The same CNA pipeline is applied to matched base and instruct models. Base models also contain similar late-layer discrimination structures. In plain English: before the model is trained to behave like a helpful assistant, some late-layer neurons already respond differently to harmful and benign prompts.

But in base models, steering these neurons mostly causes content shifts. The model may rephrase, shift topic, or continue in a different way, but it does not reliably become a refusing model.

In instruct models, the same type of late-layer discrimination structure becomes a causal safety gate.

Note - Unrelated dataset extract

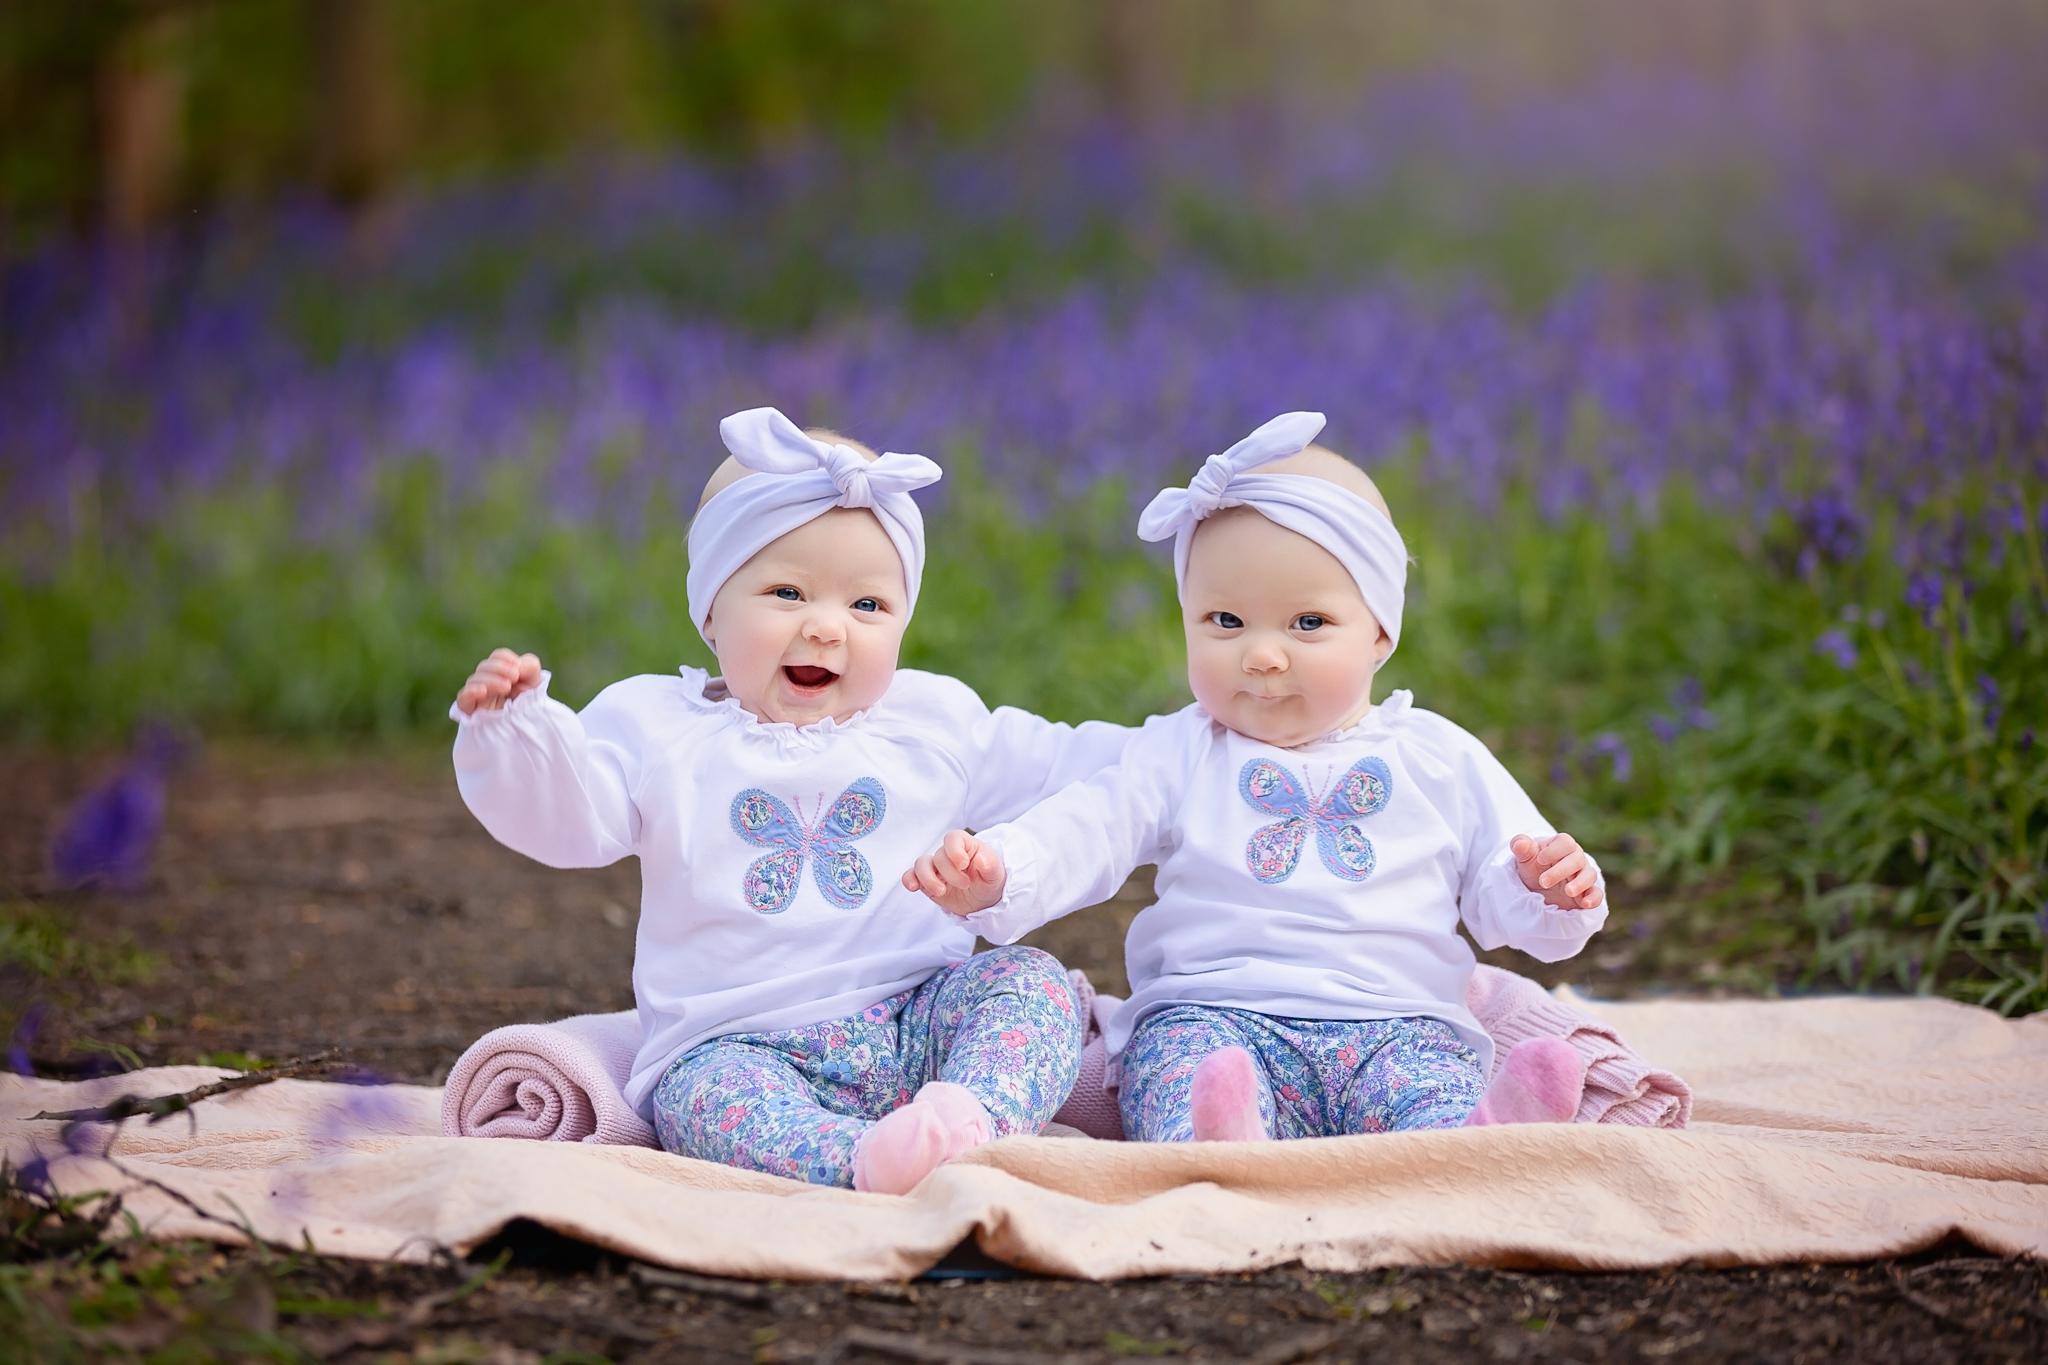 Children photographer Leeds, York, Harrogare, Bradford: twin baby girls during their sitter session in Leeds, West Yorkshire
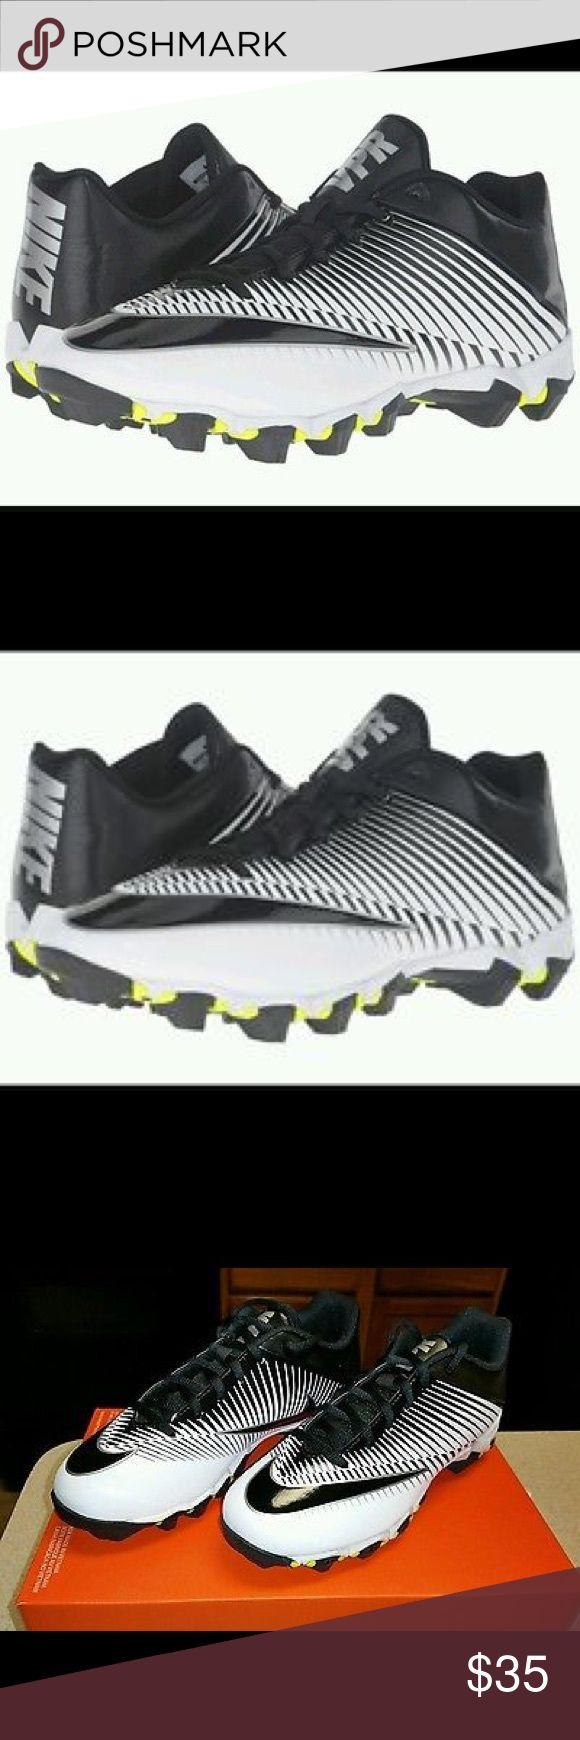 Brand New Vapor Shark Brand New Vapor Shark  Nike 833388-002 Vapor Shark 2 Black Football Cleats Soccer Youth nike Shoes

In other words, the base model may already know “this kind of content is different.” Alignment fine-tuning connects that difference to “refuse when this content appears.”

This matters because it frames alignment fine-tuning as a functional transformation, not the creation of a structure from nothing. The model already has some content-discrimination ability. Fine-tuning rewires that ability into a behavior-control gate.

Once the control box is visible, the real problem starts

This is where the mood shifts from “wow, interpretability is cool” to “wait, is that control box too easy to open?”

From the interpretability side, model safety may be easier to inspect than it looks.

If refusal behavior is concentrated in a small set of localizable neurons, researchers can analyze it, test it, compare it across models, and study which alignment procedures make the gate more robust.

From the security side, that same structure may make safety more fragile.

If safety behavior is heavily concentrated in a small targetable circuit, then it may also be removed, bypassed, or maliciously modified. This does not mean safety fine-tuning is useless. It means that a natural-looking refusal may be less like concrete poured through the whole building, and more like a control circuit layered on top of capability.

Refusal is therefore not only a jailbreak question. It is an internal-mechanism question: is refusal internalized as part of model capability, or is it an attached behavioral gate?

Nous’s result leans toward the second answer: alignment fine-tuning may transform existing content-discrimination structure into a sparse, localizable, and steerable refusal gate.

Clawd whispers:

This has a very security-engineering feel. You discover that the access-control system works, but it is not the concrete structure of the building. It is a control box you can locate.

That is useful, because now you know what to inspect. It is also scary, because other people may know what to remove. (`・ω・´)

Closing the box

CNA suggests that LLM refusal behavior may be concentrated in a tiny set of MLP neurons. Intervening on roughly 0.1% of the relevant activations can significantly change refusal behavior in instruct models while preserving output quality.

This suggests that alignment fine-tuning may not create a wholly new safety structure, but may instead turn a base model’s existing content-discrimination ability into a localizable refusal gate.

So that opening “Sorry, I can’t help with that” sounds like the whole model making a moral judgment. CNA shows a colder picture: the model may already know which content is dangerous, and alignment connects “recognize it” to “refuse it.”

The memorable part is not that the door closes. It is that the box behind the door may be much smaller than expected.